May 25 '23 03:05 GalaxyHe2023

That's correct. @OUYANGSIR - are you seeing this with pip install deepspeed as well (that will give you the latest which is >0.9.0 anyway).

If you are still hitting this, please comment or re-open the issue. But otherwise we will assume this is resolved.

Jun 06 '23 17:06 loadams

Hi everyone, i happen to have this exact same issue running "pip install deepspeed" inside an activated venv on windows 10. (using cmd and python 3.10.9)

(venv) (base) B:\AI\img\kohya_ss4\kohya_ss\venv\Scripts>pip install deepspeed Collecting deepspeed Using cached deepspeed-0.11.1.tar.gz (1.1 MB) Preparing metadata (setup.py) ... error error: subprocess-exited-with-error

× python setup.py egg_info did not run successfully. │ exit code: 1 ╰─> [16 lines of output] Traceback (most recent call last): File "", line 2, in File "", line 34, in File "C:\Users\Nicolas\AppData\Local\Temp\pip-install-89a6y6l5\deepspeed_3b89da14f7b44dd5adb7b5a0f78e6b29\setup.py", line 100, in cuda_major_ver, cuda_minor_ver = installed_cuda_version() File "C:\Users\Nicolas\AppData\Local\Temp\pip-install-89a6y6l5\deepspeed_3b89da14f7b44dd5adb7b5a0f78e6b29\op_builder\builder.py", line 43, in installed_cuda_version output = subprocess.check_output([cuda_home + "/bin/nvcc", "-V"], universal_newlines=True) File "C:\Python310\lib\subprocess.py", line 421, in check_output return run(*popenargs, stdout=PIPE, timeout=timeout, check=True, File "C:\Python310\lib\subprocess.py", line 503, in run with Popen(*popenargs, **kwargs) as process: File "C:\Python310\lib\subprocess.py", line 971, in init self._execute_child(args, executable, preexec_fn, close_fds, File "C:\Python310\lib\subprocess.py", line 1440, in _execute_child hp, ht, pid, tid = _winapi.CreateProcess(executable, args, FileNotFoundError: [WinError 2] Le fichier spécifié est introuvable [end of output]

note: This error originates from a subprocess, and is likely not a problem with pip. error: metadata-generation-failed

× Encountered error while generating package metadata. ╰─> See above for output.

if anyone knows how to explain this issue and how to solve it let me know. Thanks !

Oct 10 '23 23:10 LeF0URBE

Hi @LeF0URBE - there are a set of special Windows install directions on the repo, have you tried those?

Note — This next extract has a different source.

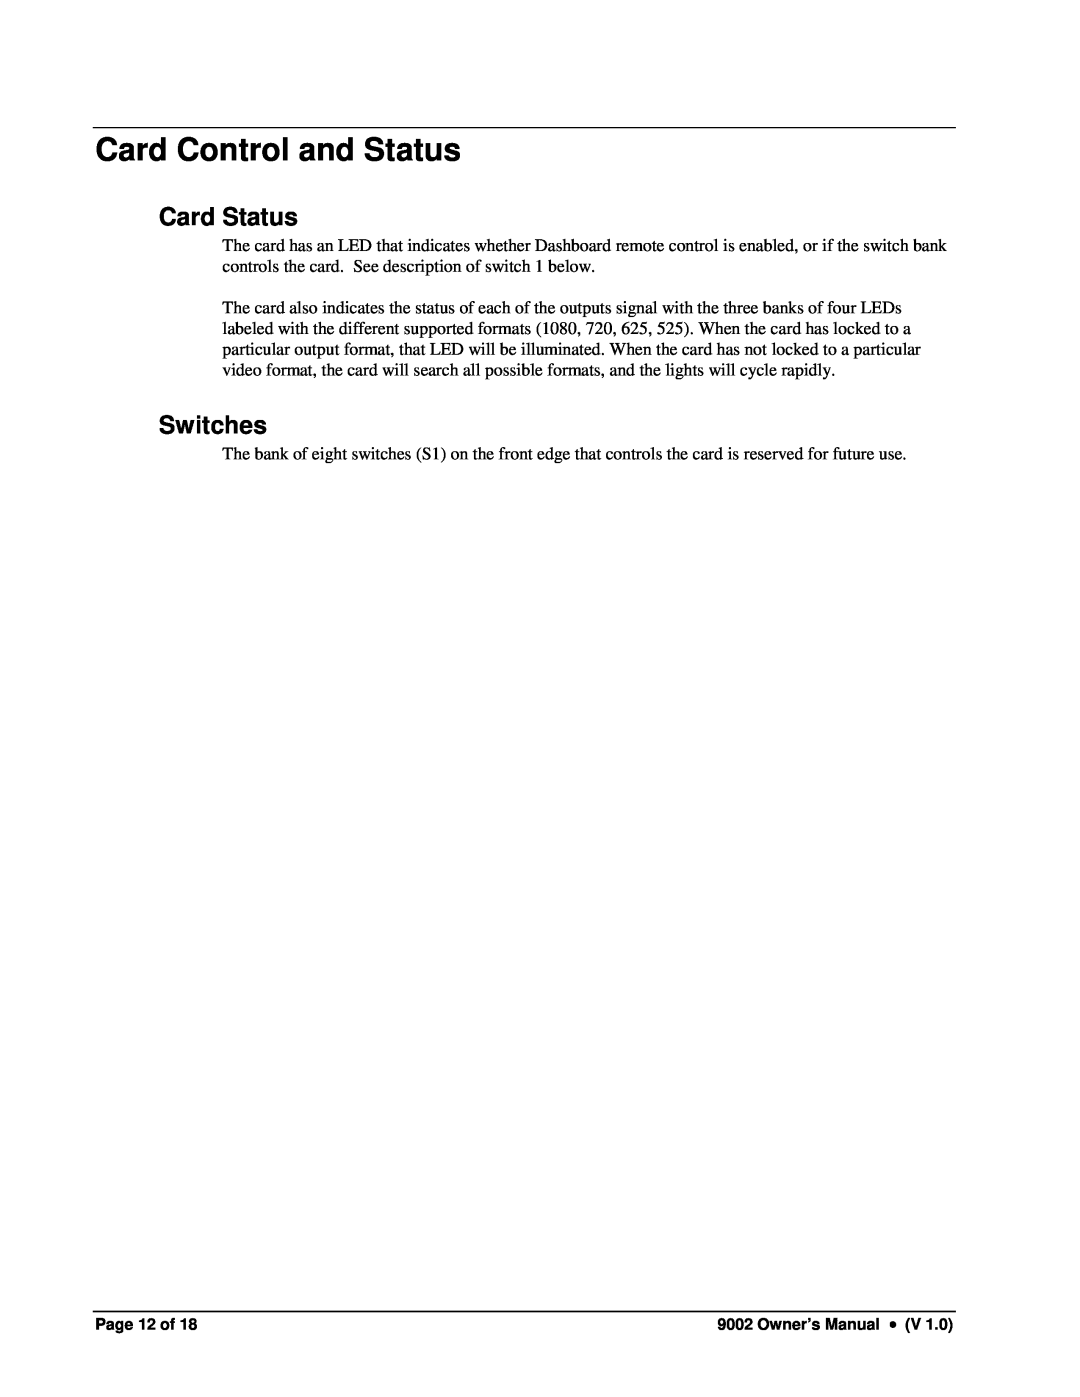 Cobalt Networks 9002 owner manual Card Control and Status, Card Status, Switches

If not, we know there are some issues with this, that we are working on, but Windows support is not necessarily all there. However, on Windows we do know that WSL works well, and if you're able to use that, that's currently recommended as you can use all features of DeepSpeed there too. Does that help? If not, can you open a new issue?

Oct 11 '23 17:10 loadams

@loadams I think I can tell you why so many people are having issues with Windows setup.

The instructions are pretty unclear, anyway, and I would suggest someone at MS may like to try a fresh setup on a non-development system and test out the instructions.

The main issue is this from the instructions https://github.com/microsoft/DeepSpeed#windows:

Install pytorch, such as pytorch 1.8 + cuda 11.1

If someone on windows is running CUDA apps with their standard Nvdia drivers and they do a "pip show torch", it will quite happily tell them they have both pytorch AND cuda! (as below). All your other CUDA apps/python scripts that use Cuda work fine on Windows, so It must be something wrong with DeepSpeed......... right?

Well its a bit of both, but mainly the instructions are a bit lacking in depth.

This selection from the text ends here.